(512b) 13c Pathway Analysis for the Role of Formate in Electricity Generation By Shewanella Oneidensis MR-1 Using Lactate in Microbial Fuel Cells

Authors: 
Guo, W., Virginia Polytechnic Institute and State University
Luo, S., Virginia Polytechnic Institute and State University
Nealson, K. H., University of Southern California
He, Z., Virginia Polytechnic Institute and State University
Feng, X., Virginia Polytechnic Institute and State University
Microbial fuel cell (MFC) is a promising technology for wastewater treatment. Basically, the microorganisms sticking on the anode of the MFC utilize various organic compounds from the wastewater as the electron donors to generate electricity, while in the meantime removing the organic compounds in the wastewater. The type of electron donors fed into MFCs affects the electrical performance, and mechanistic understanding of such effects is important to optimize the MFC performance. In this study, we used a model organism in MFCs, Shewanella oneidensis MR-1, and 13C pathway analysis to investigate the role of formate in electricity generation and the related microbial metabolism.
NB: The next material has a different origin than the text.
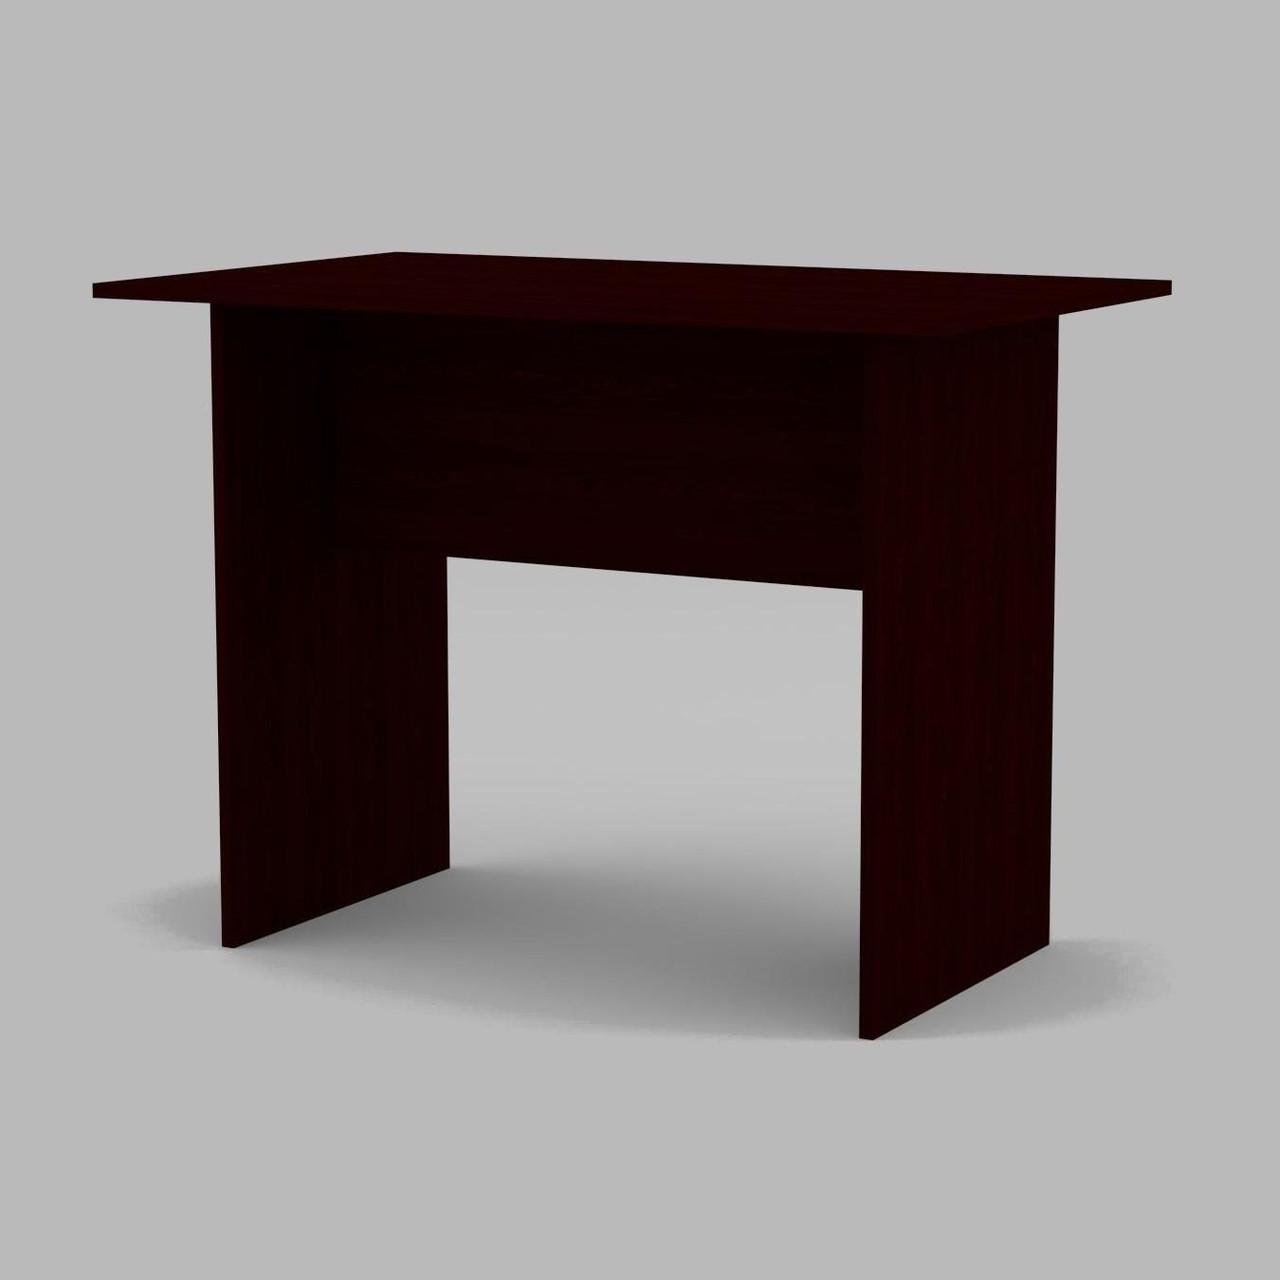 Письменный стол Компанит МО-1 1000х600х736 мм венге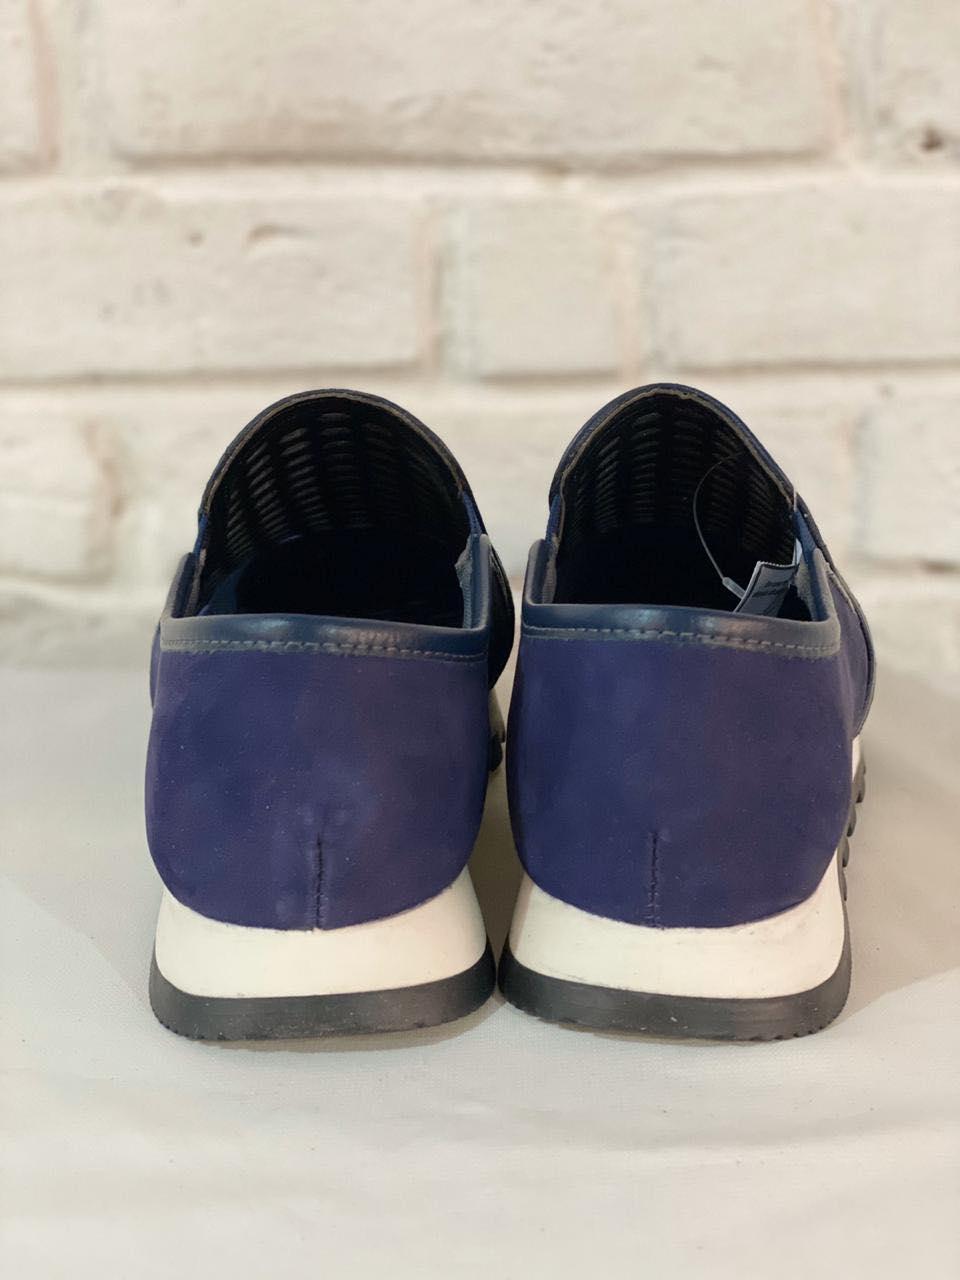 Sapatênis  Feminino Prata Couro 1010320 Azul

Our results indicated a synergistic effect of formate and lactate on electricity generation, and extra formate addition on the original lactate resulted in more electrical output than using formate or lactate as a sole electron donor. Based on the 13C tracer analysis, we discovered decoupled cell growth and electricity generation in S. oneidensis MR-1 during co-utilization of lactate and formate (i.e., while the lactate was mainly metabolized to support the cell growth, the formate was oxidized to release electrons for higher electricity generation). To our best knowledge, this is the first time that 13C tracer analysis was applied to study microbial metabolism in MFCs and it was demonstrated to be a valuable tool to understand the metabolic pathways affected by electron donors in the selected electrochemically-active microorganisms.